How HR leaders can adapt to uncertain times

Human Resource Management

How HR leaders can adapt to uncertain times

In uncertain times, organisations aim to achieve short-term survival and chart a course for long-term relevance. They can achieve these when the following three conditions are present: positive interpersonal relationships, collaboration between organisational participants, and leveraging all available organisational collective intelligence. Interpersonal relationship, which is the foundation of the other drivers, comes from leaders having the relevant soft skills including:

  • Communication: two-way, truthful, and neutral 
  • Active listening
  • Empathy
  • Ability to build trust and integrity
  • Build a climate that cares for employees, provides an opportunity for them to be part of the decision- making process, make them engaged, agile and resilient.

 

HR leaders are important in uncertain times because they help the organisation avoid pursuing short-term survival to the point of harming long-term relevance. The productivity of human resources is central in achieving this. HR leaders need a complexity mindset which accepts that in uncertain times, organisations need to be agile and adaptable to constantly changing success factors. This mindset helps them to play four major roles, namely: balancing, umpire, data acquisition plus management, and data and information sharing. 

Balancing Role

HR leaders play an active role in helping the organisation to manage the dilemma created by pursuing short-term survival and long-term relevance simultaneously. They gather data to allow all organisational participants to recognise the need to make tradeoffs to optimise the two goals simultaneously for the organisation’s good. For example, HR leaders ensure that before resorting to laying off or reducing pay/benefit, organisational participants know that this decision is the last resort after other less painful options have been considered.

Umpire Role

HR leaders play the role of umpires to ensure that the needed collaboration between organisational leaders and employees is developed and sustained. They also keep the collaboration active in identifying and using organisational collective intelligence for short-term survival and long-term relevance.

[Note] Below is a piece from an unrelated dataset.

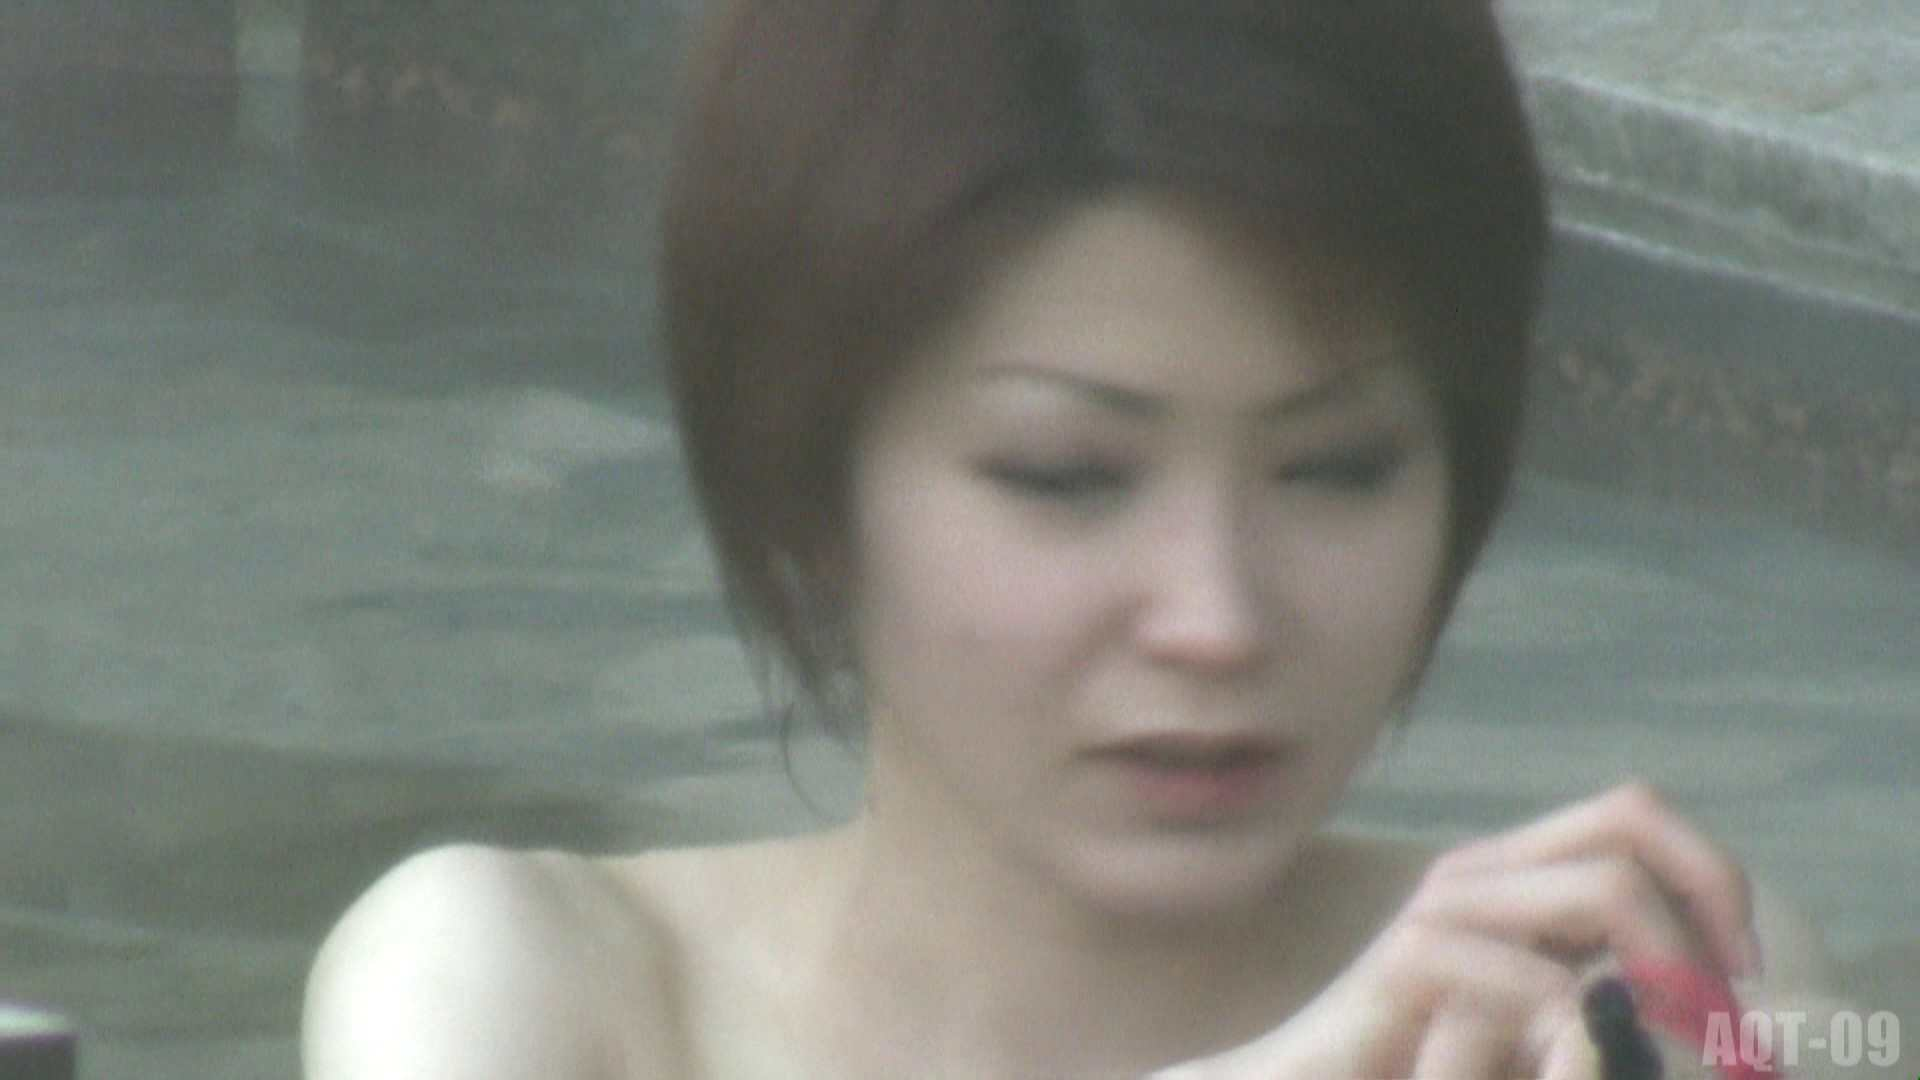 Aquaな露天風呂Vol.779 露天風呂 | OLのエロ生活  81連発 10

To effectively play this role, organisational participants must see HR leaders as credible.  HR leaders are like referees in sports. However, unlike referees, they are not there to identify defaulters to be punished, but to ensure that every organisational participant operates according to the rule of engagement that guarantees collaboration and the leveraging of all the collective intelligence in the organisation. They avoid being overtly tilted towards the organisation or employees, but they  steer  communication along a win-win course.  In doing this, HR leaders ensure that appropriate emphasis is placed on people, process, and profit, and that in arriving at this emphasis, every organisational participant is heard, understood, and cared for while agreeing on ways to handle issues. 

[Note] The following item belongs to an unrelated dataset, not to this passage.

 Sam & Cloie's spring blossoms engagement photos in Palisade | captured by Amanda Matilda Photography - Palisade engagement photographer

Data Acquisition & Management Role

HR leaders achieve excellence through data gathering and information sharing that facilitate discussions within the organisation – first within groups and then between groups. In a complex environment, it is only  data that is relevant to current situations that drives success.  It is the responsibility of HR leaders to draw meaning from them and interpret them in a way that is beneficial to the organisation. Hence, HR leaders act as ‘consultants’ that continuously acquire  or manage external data on leaders’ skills and employee issues and use such data to facilitate meaningful and beneficial communication that achieves a common understanding of issues and the required win-win solution.  This solution does not mean that every organisational participant gets what they want all the time, but that data provided will make employees aware of the discussions that led to any decision that demands sacrifice from them. Most organisations acquire data yearly, but it may be beneficial to increase the frequency of data acquisition to properly capture trends in organisational behaviour. 

Data and Information Sharing Role

HR leaders need data on employees’ feelings in uncertain times, their level of engagement, agility and resilience,  and their perception of organisational leaders. They need data on how leaders feel about employees, how they relate with them and the level of collaboration between leaders and employees. To organise data in ways meaningful to organisational participants and to drive fruitful discussion, the HR leader must make HR analytics a central function in the department.  This function can no longer be left to IT specialists who have no background in HR. 

With the data, HR leaders facilitate discussion with leaders, and within employees prior to discussion between groups. HR leaders ensure that all organisational participants have adequate information through data which will aid their individual and collective resolution of the main dilemma (short-term survival and long-term relevance). Hence, in uncertain times HR leaders need continuous acquisition and effective organisation of data.

 

Question to ponder: As an HR leader, how do you facilitate collaboration between your organisation’s leaders and employees?